**WHAT THIS TASK INVOLVES**
Nothing but the lines from the start of the entries through the line holding "Powiatowe Zawody Sportowo" is to be repeated, exactly and with pictures excluded.

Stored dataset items
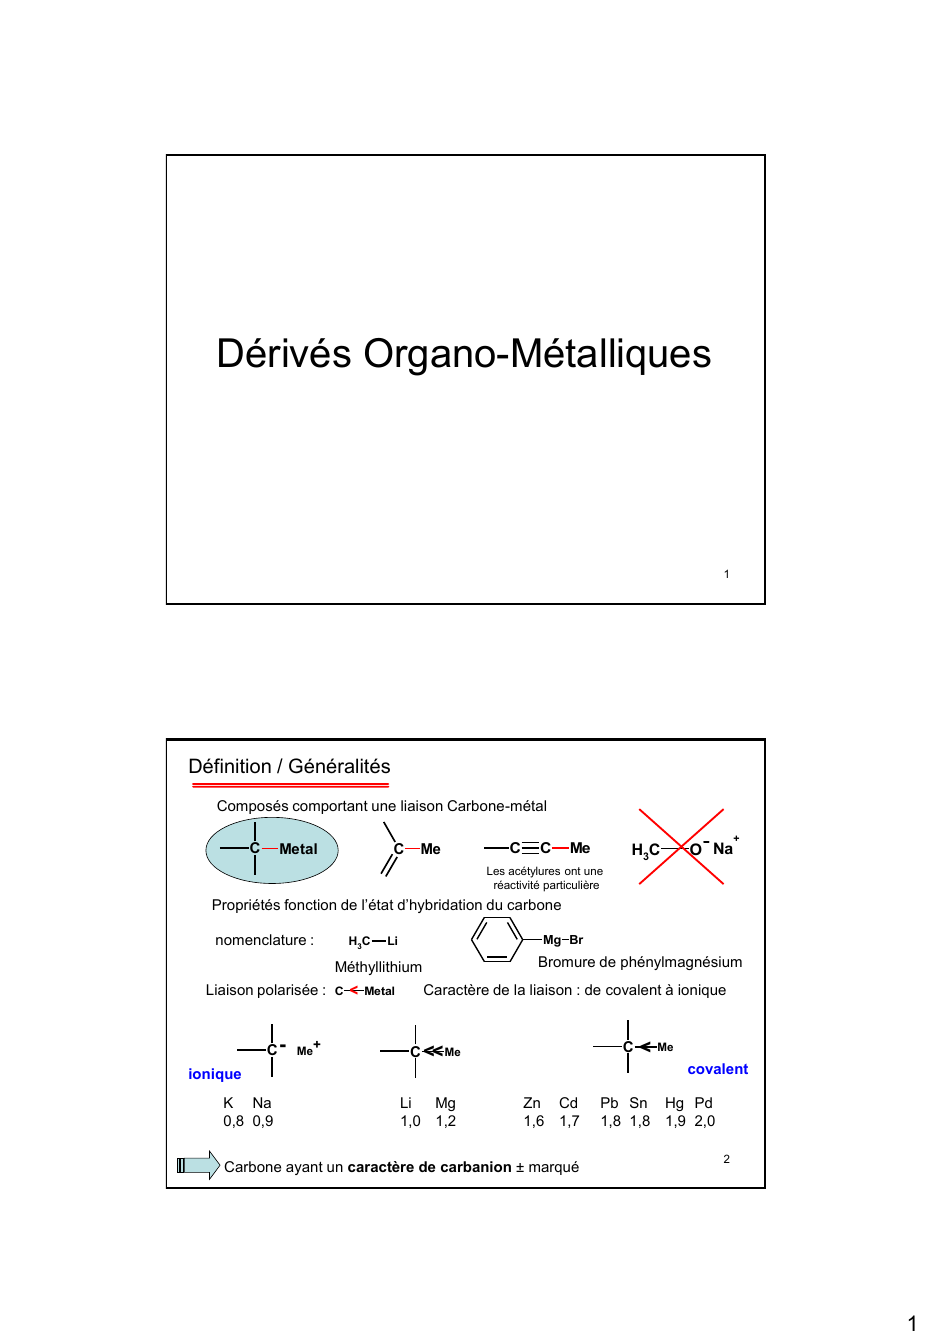 Prévisualisation du document Dérivés Organo-Métalliques

1

Définition / Généralités
Composés comportant une liaison Carbone-métal

C

Metal

C

Me

C

C

Me

H3C

O...
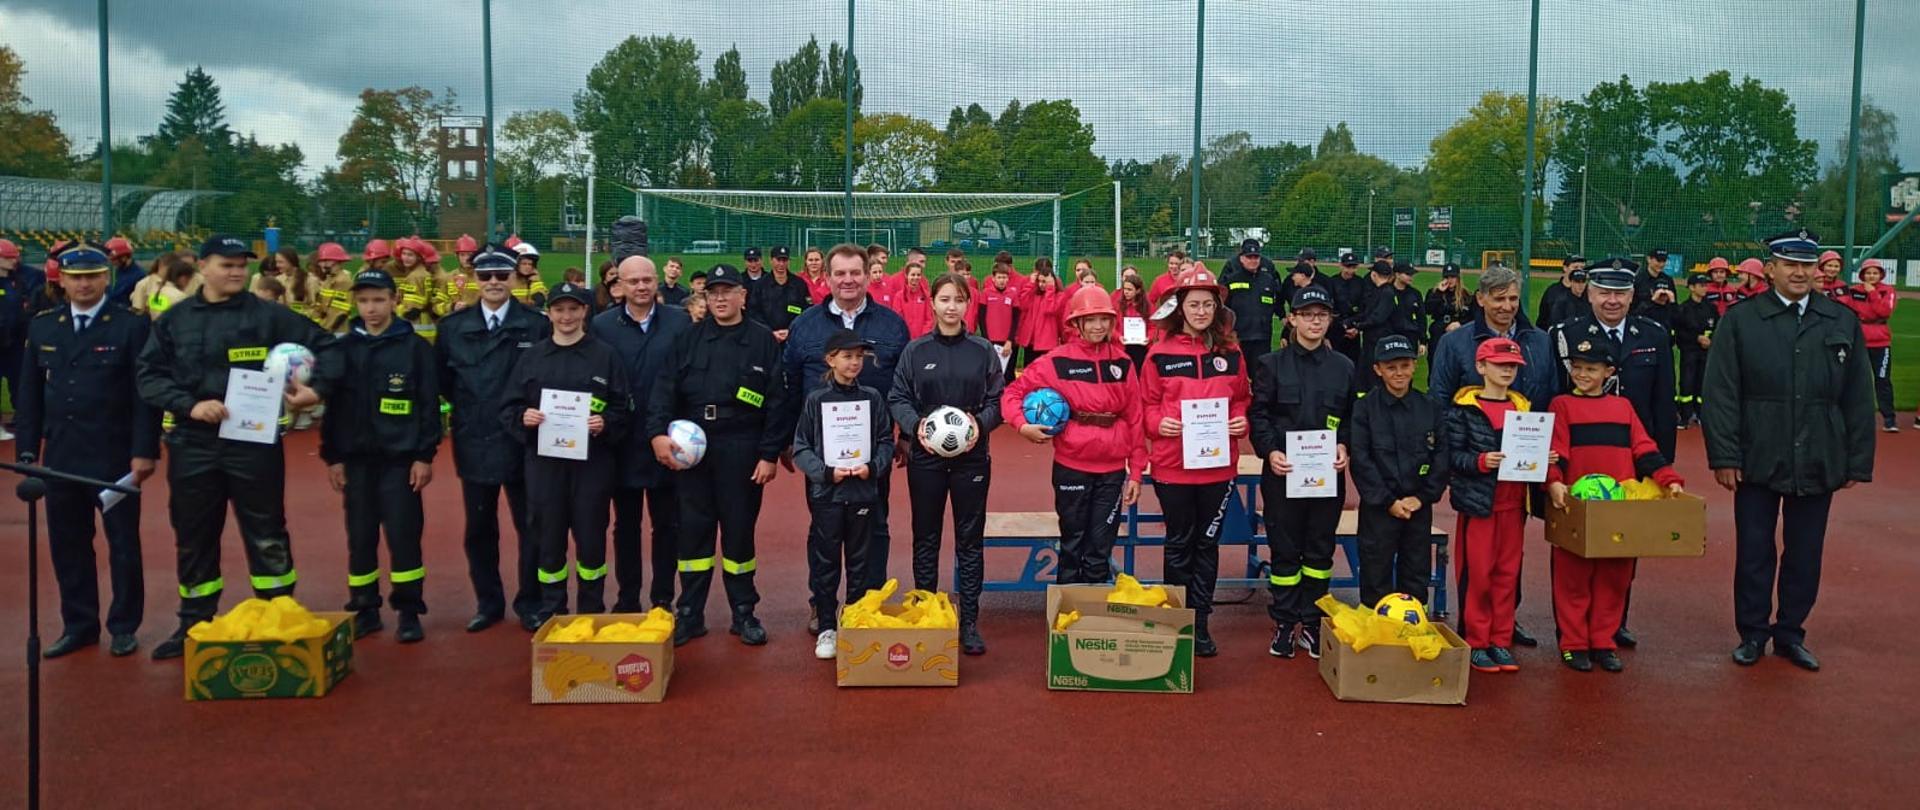 Powiatowe Zawody Sportowo Pożarnicze Młodzieżowych Drużyn Pożarniczych OSP 2022 - - na zdjęciu druhowie OSP w stoją szeregu z dyplomami w rękach z strażakami w mundurach wyjściowych podczas zbiórki na tartanie na boisku
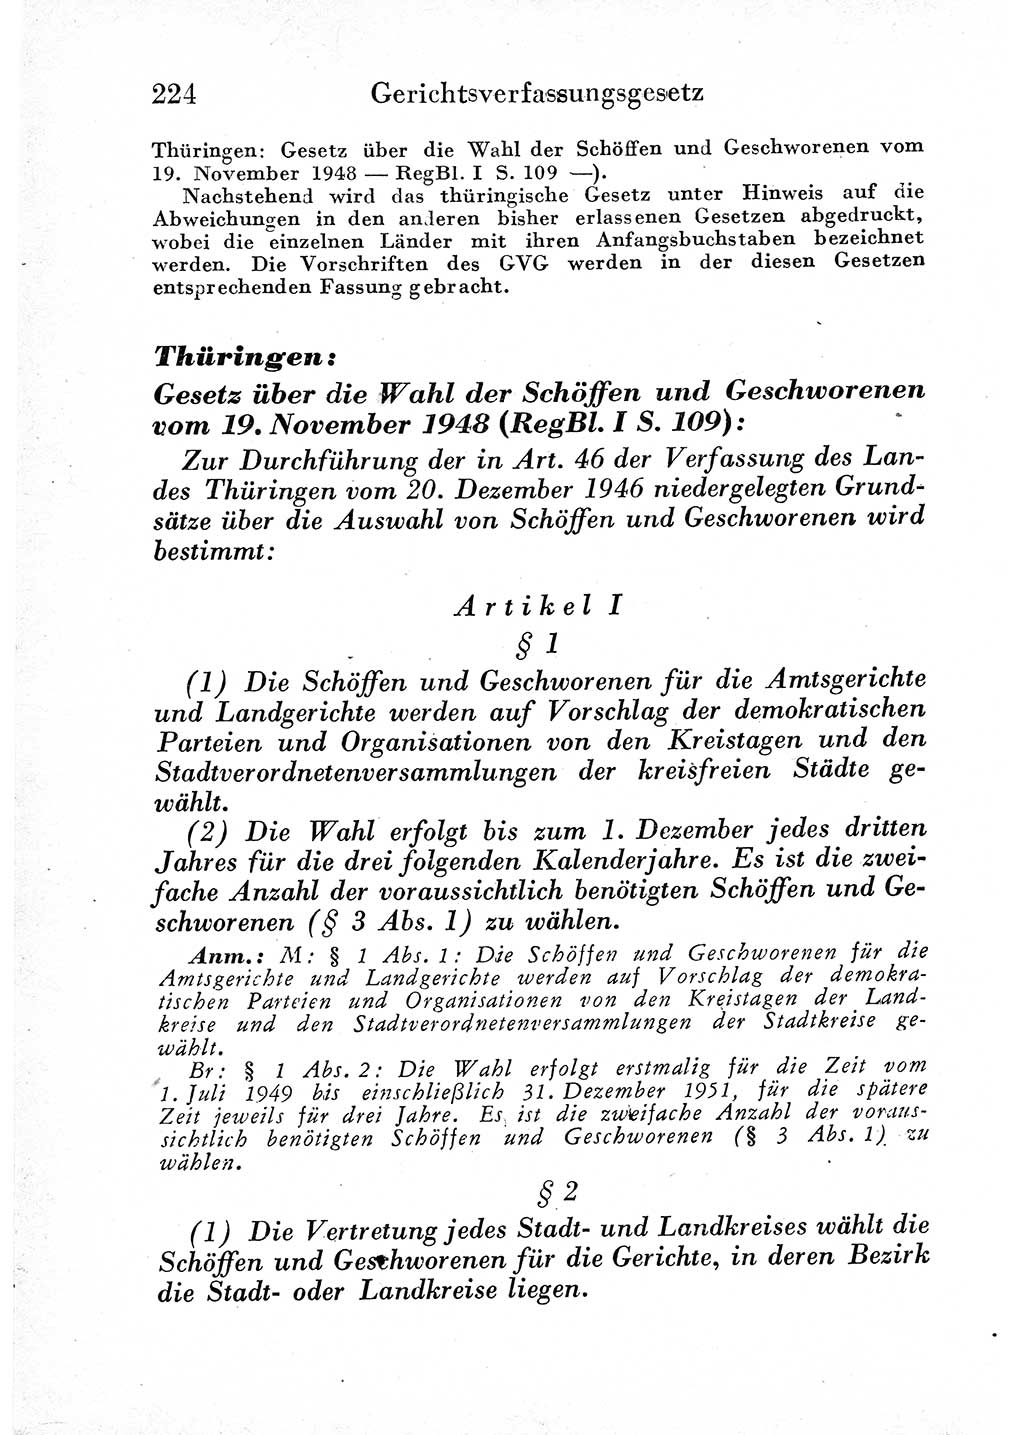 Strafprozeßordnung (StPO), Gerichtsverfassungsgesetz (GVG) und zahlreiche Nebengesetze der sowjetischen Besatzungszone (SBZ) in Deutschland 1949, Seite 224 (StPO GVG Ges. SBZ Dtl. 1949, S. 224)
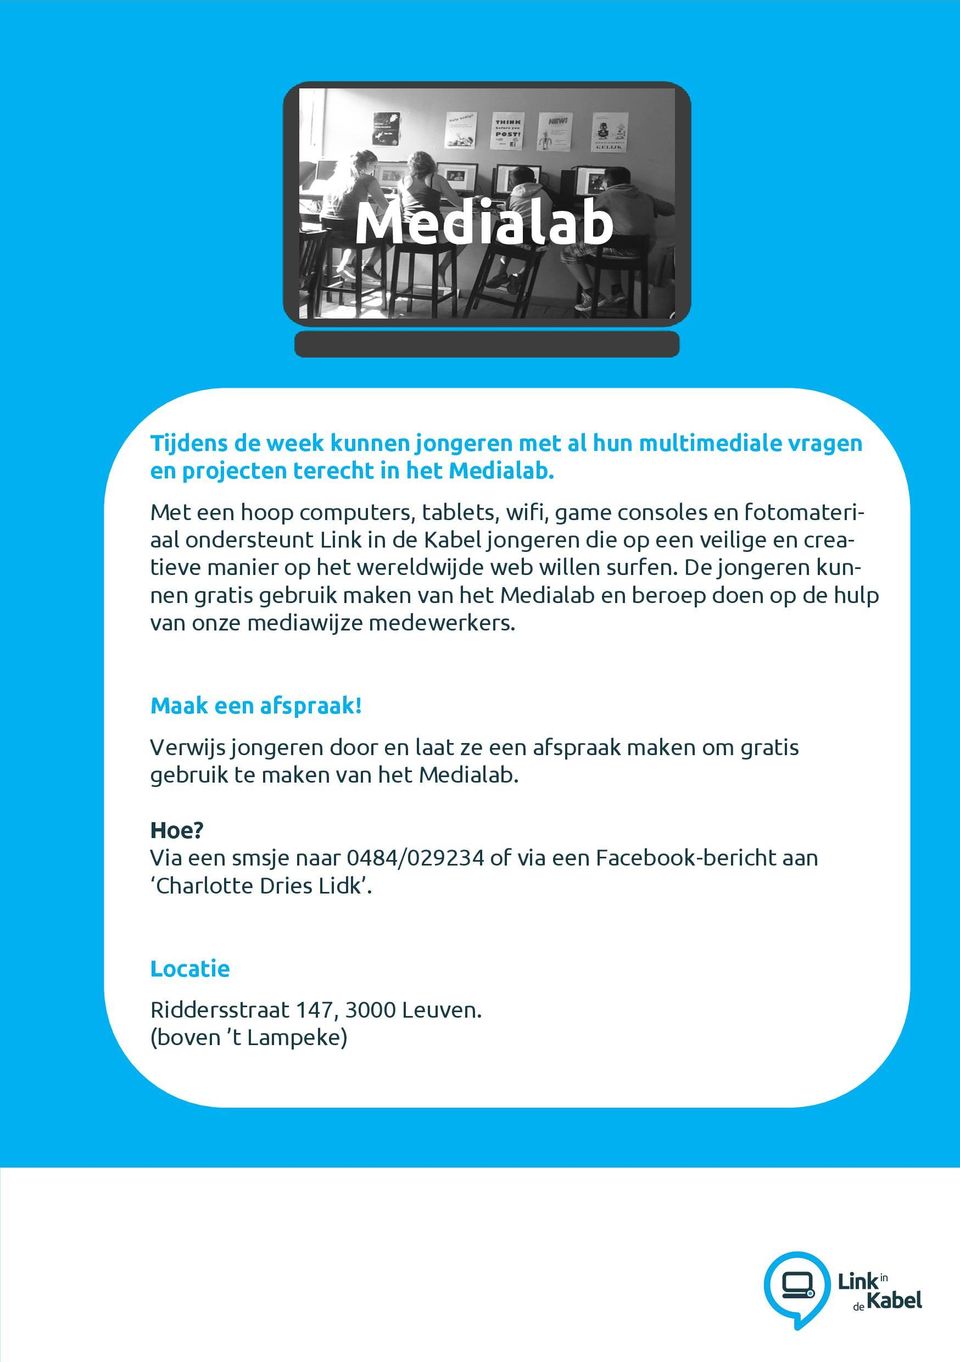 web willen surfen. De jongeren kunnen gratis gebruik maken van het Medialab en beroep doen op de hulp van onze mediawijze medewerkers. Maak een afspraak!

**PROBLEM SOLUTION**
 Prévisualisation du document Dérivés Organo-Métalliques

1

Définition / Généralités
Composés comportant une liaison Carbone-métal

C

Metal

C

Me

C

C

Me

H3C

O...
 Powiatowe Zawody Sportowo Pożarnicze Młodzieżowych Drużyn Pożarniczych OSP 2022 - - na zdjęciu druhowie OSP w stoją szeregu z dyplomami w rękach z strażakami w mundurach wyjściowych podczas zbiórki na tartanie na boisku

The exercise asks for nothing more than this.